Task objective: The full listing, written out exactly and without images, is the expected result.

Available data START

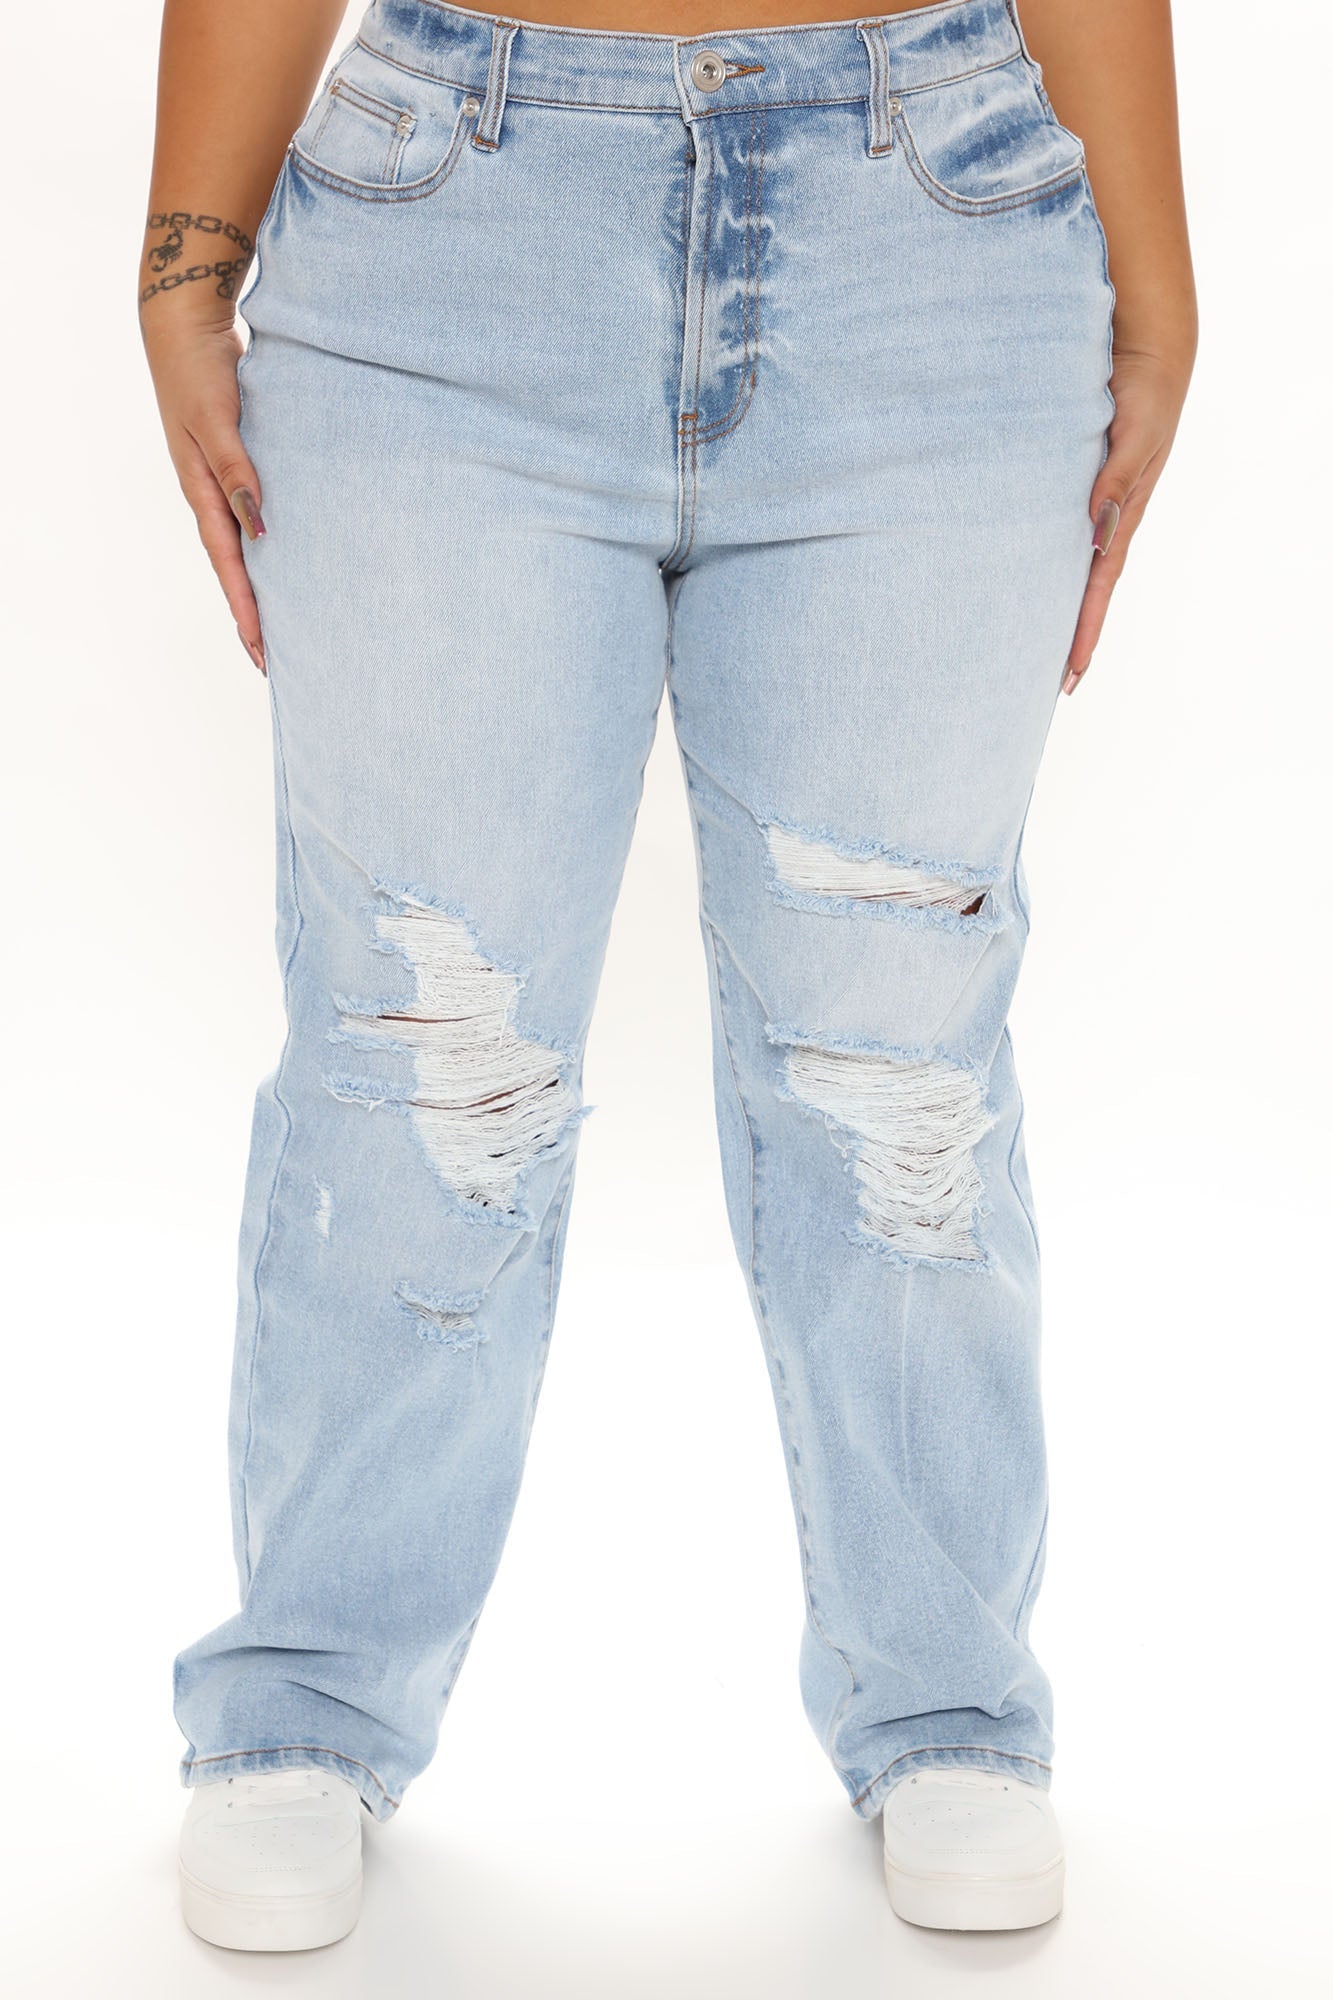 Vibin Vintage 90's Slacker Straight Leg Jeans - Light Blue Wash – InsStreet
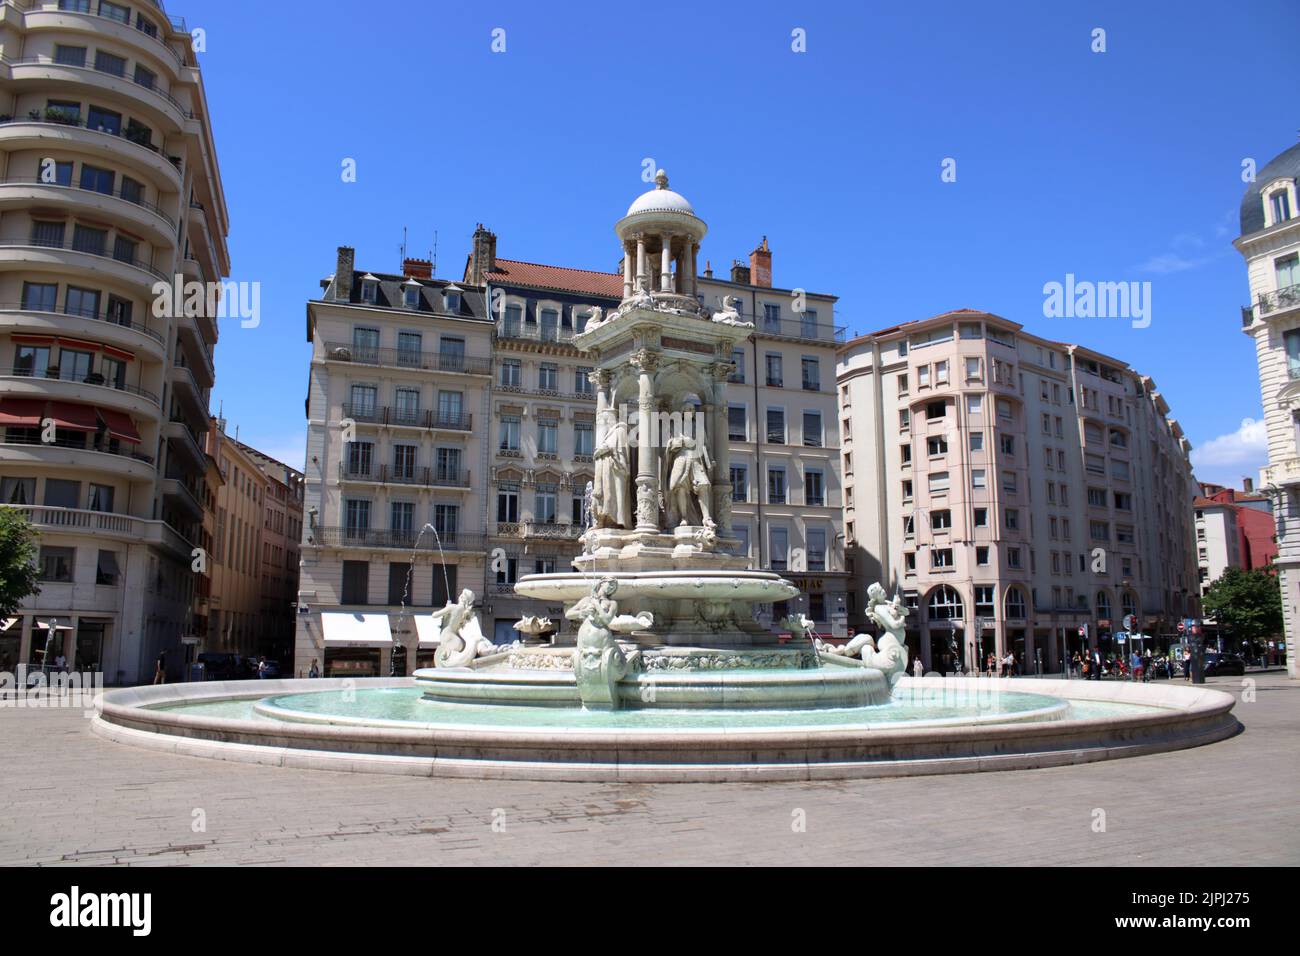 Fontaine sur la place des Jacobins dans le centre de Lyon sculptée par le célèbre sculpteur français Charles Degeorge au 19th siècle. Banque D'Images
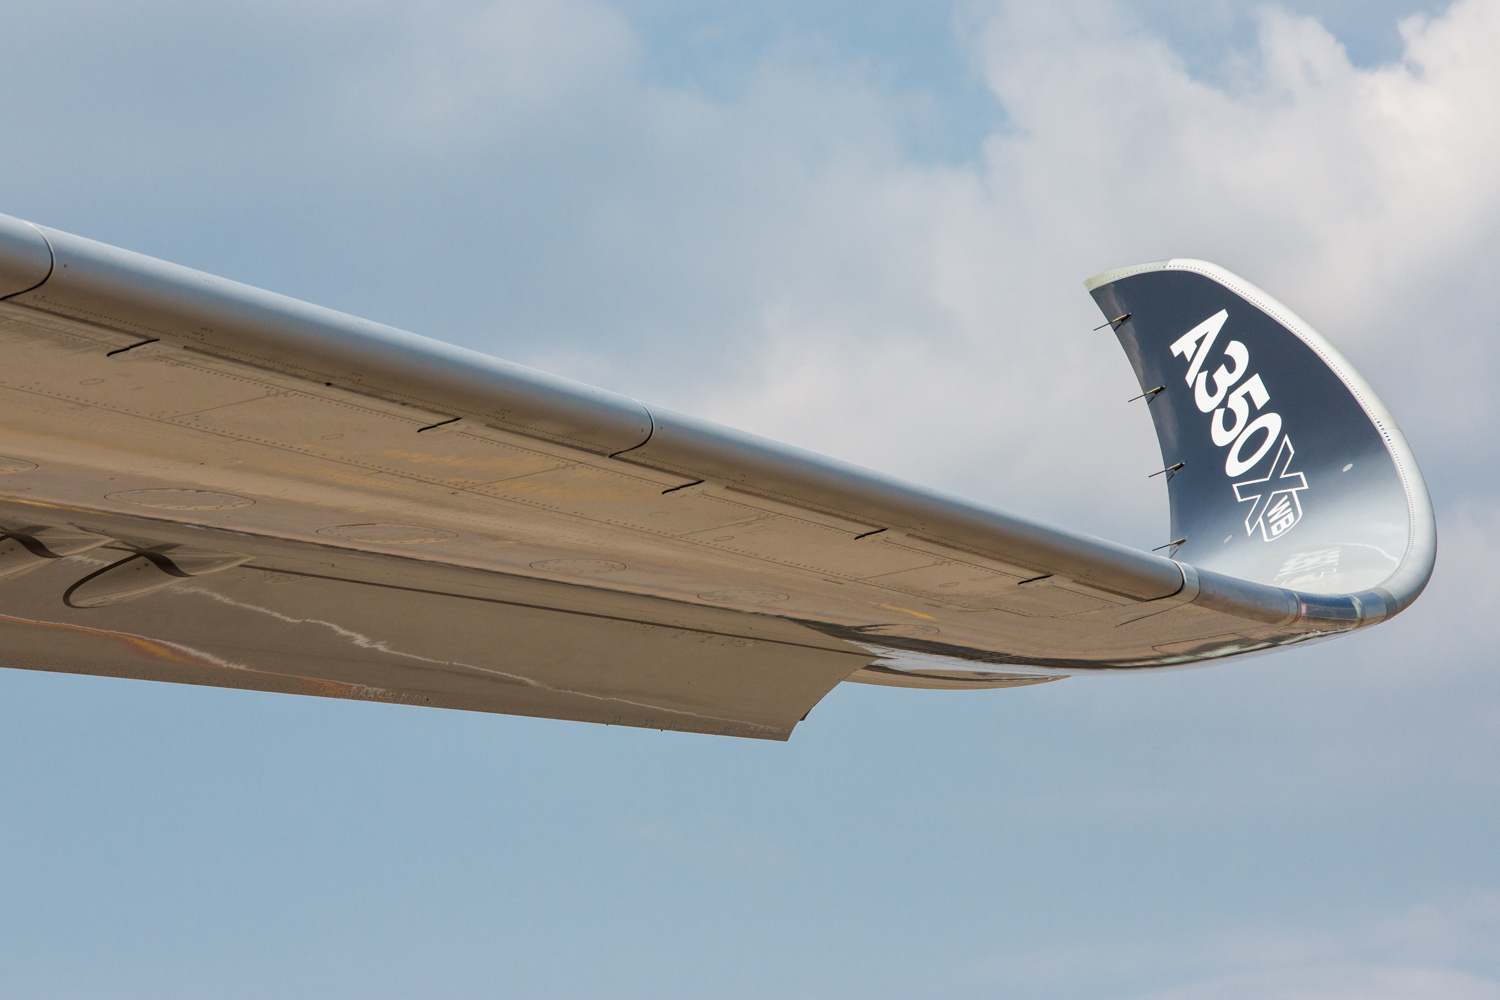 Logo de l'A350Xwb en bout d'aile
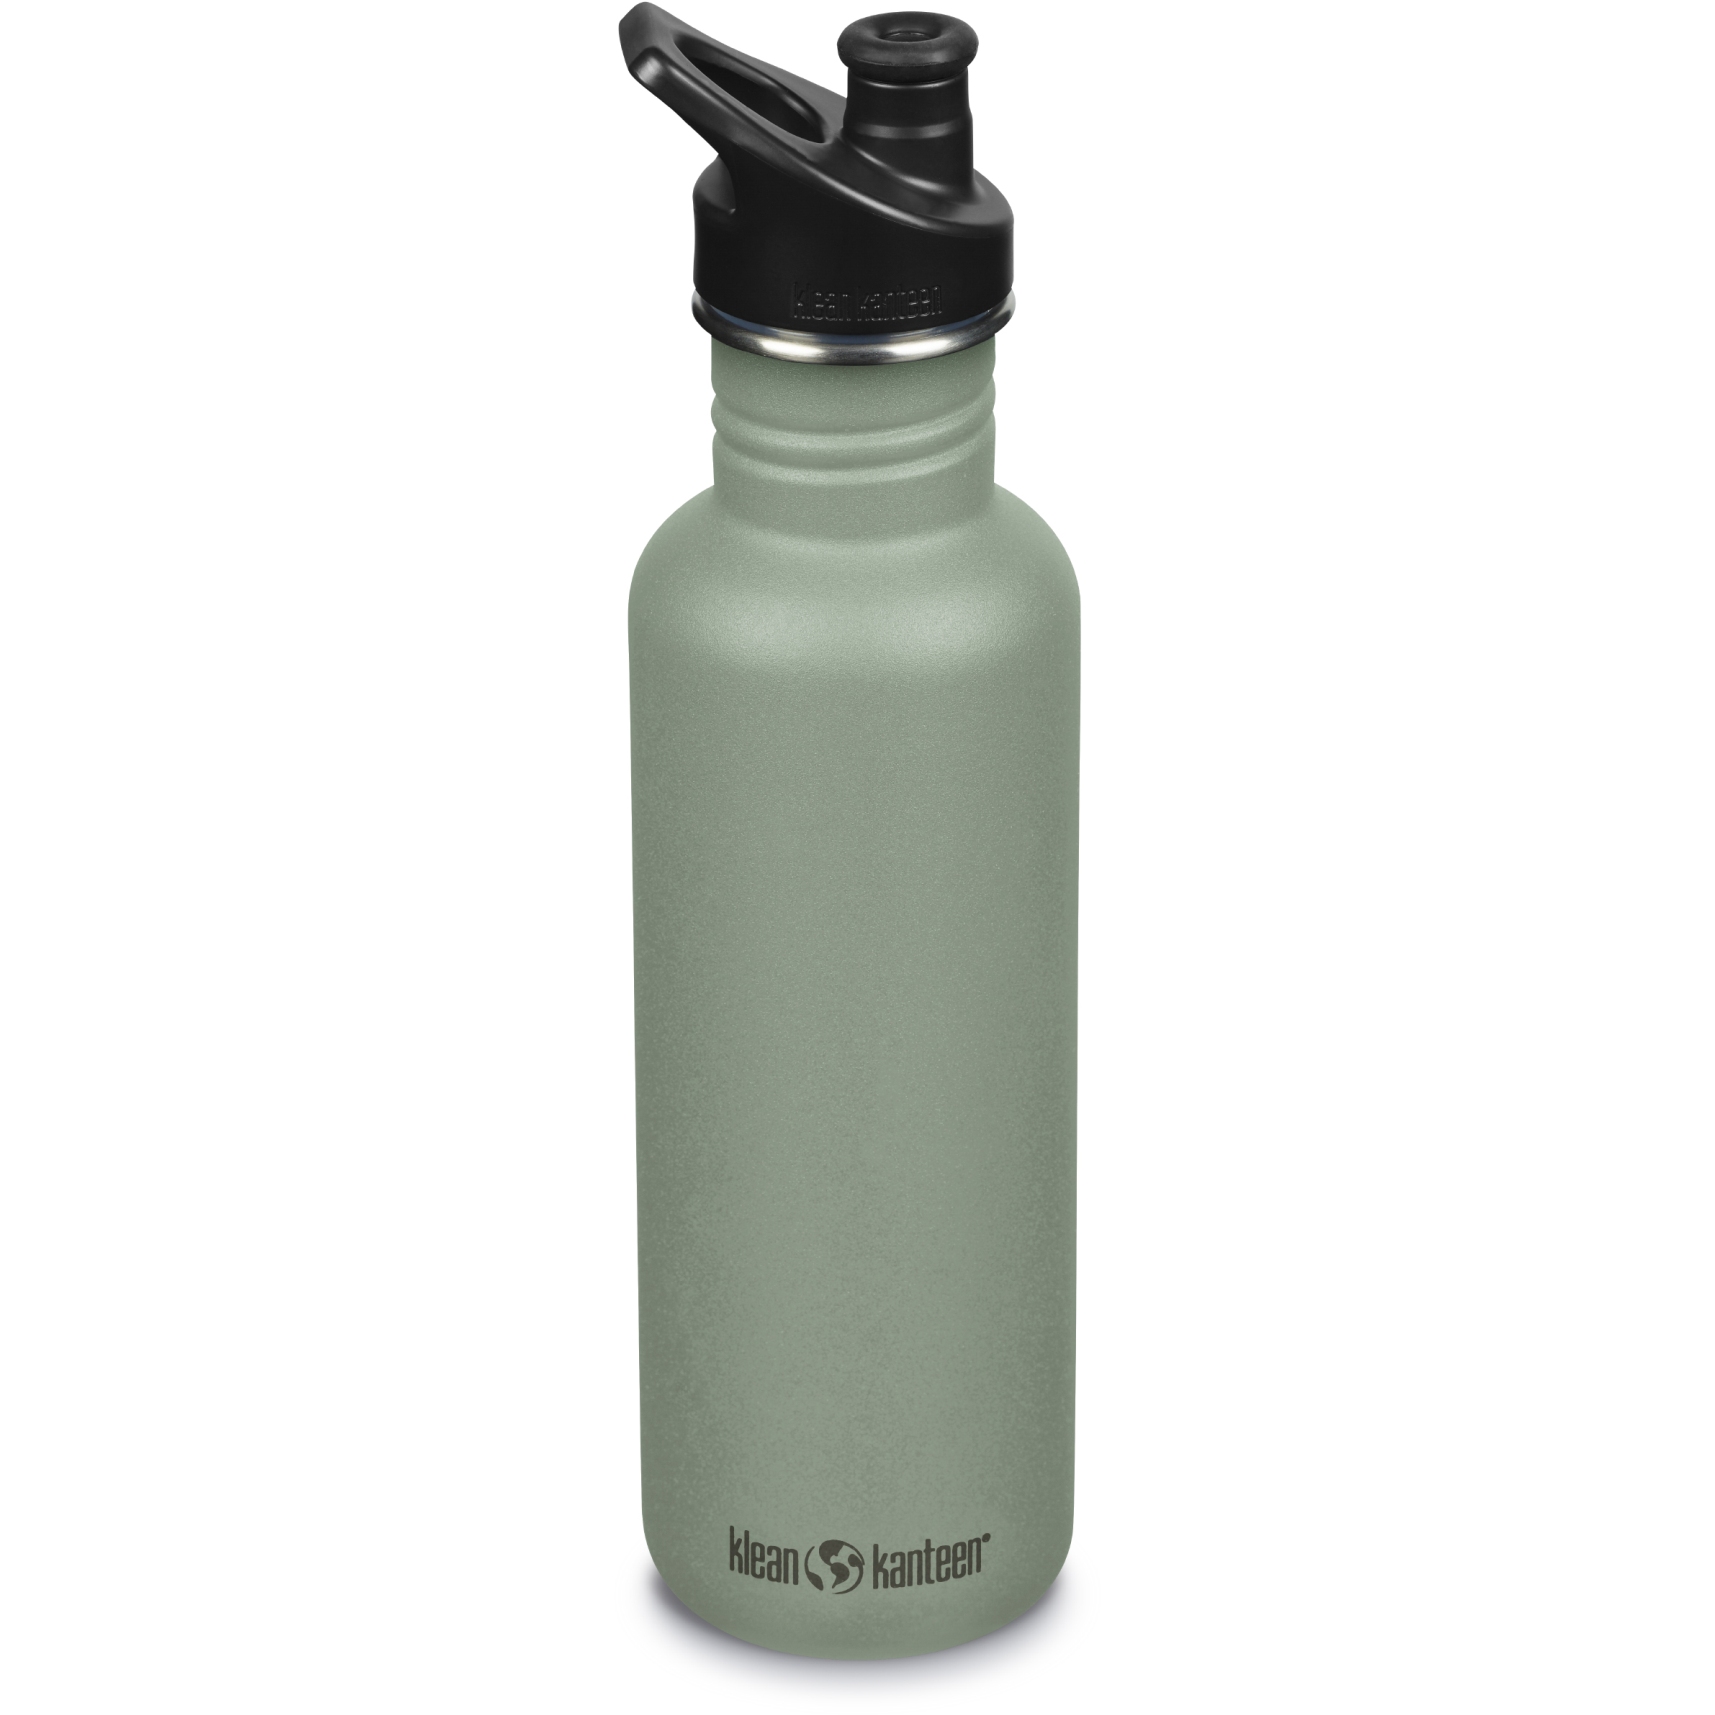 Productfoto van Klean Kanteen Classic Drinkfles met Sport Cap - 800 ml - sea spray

Available data END

Solved problem:
 Vibin Vintage 90's Slacker Straight Leg Jeans - Light Blue Wash – InsStreet
 Fontaine sur la place des Jacobins dans le centre de Lyon sculptée par le célèbre sculpteur français Charles Degeorge au 19th siècle. Banque D'Images
 Logo de l'A350Xwb en bout d'aile
 Productfoto van Klean Kanteen Classic Drinkfles met Sport Cap - 800 ml - sea spray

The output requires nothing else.